As above, we'll fire some queries at our new Index and get back results based on the closeness to our existing vectors

In [26]:
def qna(queryText, collection_name):
    
    properties = [
        "title", "content", "url",
        "_additional { answer { hasAnswer property result startPosition endPosition } distance }"
    ]

    ask = {
        "question": queryText,
        "properties": ["content"]
    }

    result = (
        client.query
        .get(collection_name, properties)
        .with_ask(ask)
        .with_limit(1)
        .do()
    )
    
    # Check for errors
    if ("errors" in result):
        print ("\033[91mYou probably have run out of OpenAI API calls for the current minute – the limit is set at 60 per minute.")
        raise Exception(result["errors"][0]['message'])
    print(result["data"]["Get"][collection_name])
    return result["data"]["Get"][collection_name]

In [30]:
query_result = qna("Did Alanis Morissette win a Grammy?", "Article")

for i, article in enumerate(query_result):
    print(f"{i+1}. { article['_additional']['answer']['result']} (Distance: {round(article['_additional']['distance'],3) })")

[{'_additional': {'answer': {'endPosition': 0, 'hasAnswer': True, 'property': '', 'result': ' Yes, Alanis Morissette won four Grammy Awards for her album Jagged', 'startPosition': 0}, 'distance': 0.157219}, 'content': 'Alanis Nadine Morissette (born June 1, 1974) is a Grammy Award-winning Canadian-American singer and songwriter. She was born in Ottawa, Canada. She began singing in Canada as a teenager in 1990. In 1995, she became popular all over the world.\n\nAs a young child in Canada, Morissette began to act on television, including 5 episodes of the long-running series, You Can\'t Do That on Television. Her first album was released only in Canada in 1990.\n\nHer first international album was Jagged Little Pill, released in 1995. It was a rock-influenced album. Jagged has sold more than 33 million units globally. It became the best-selling debut album in music history. Her next album, Supposed Former Infatuation Junkie, was released in 1998. It was a success as well. Morissette took

In [31]:
query_result = qna("What is the capital of China?", "Article")

for i, article in enumerate(query_result):
    if article['_additional']['answer']['hasAnswer'] == False:
      print('No answer found')
    else:
      print(f"{i+1}. { article['_additional']['answer']['result']} (Distance: {round(article['_additional']['distance'],3) })")

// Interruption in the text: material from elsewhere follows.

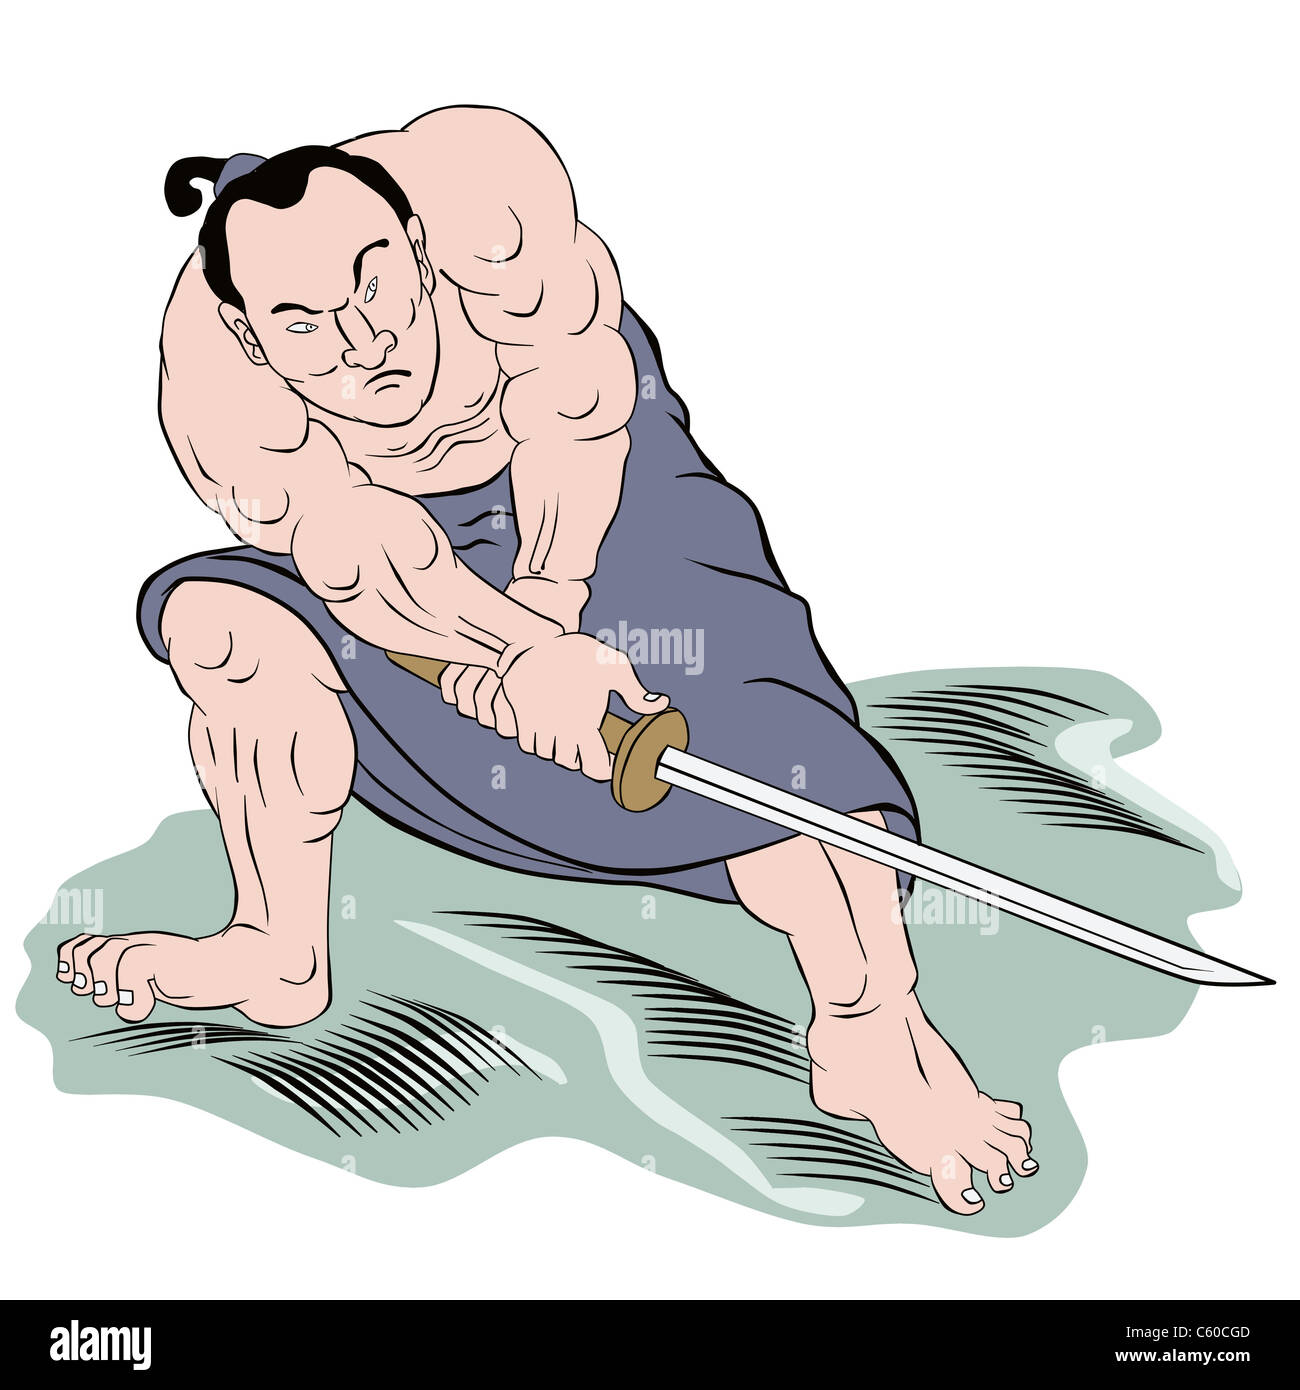 illustration of a Samurai warrior with katana sword in fighting stance done in cartoon style Stock Photo

[{'_additional': {'answer': {'endPosition': 218, 'hasAnswer': True, 'property': 'content', 'result': ' Beijing', 'startPosition': 210}, 'distance': 0.13843733}, 'content': 'Beijing is the capital of the People\'s Republic of China. The city used to be known as Peking.  It is in the northern and eastern parts of the country. It is the world\'s most populous capital city.\n\nThe city of Beijing has played a very important role in the development of China. Many people from different cities and countries come to Beijing to look for better chances to find work. Nearly 15 million people live there. In 2008 Beijing hosted the Summer Olympic Games, and will host the 2022 Winter Olympic Games. It will be the only city to host both.\n\nBeijing is well known for its ancient history.  Since the Jin Dynasty, Beijing has been the capital of several dynasties (especially the later ones), including the Yuan, Ming, and Qing. There are many places of historic interest in Beijing.\n\nName\n\nThe Mandarin

Thanks for following along, you're now equipped to set up your own vector databases and use embeddings to do all kinds of cool things - enjoy! For more complex use cases please continue to work through other cookbook examples in this repo.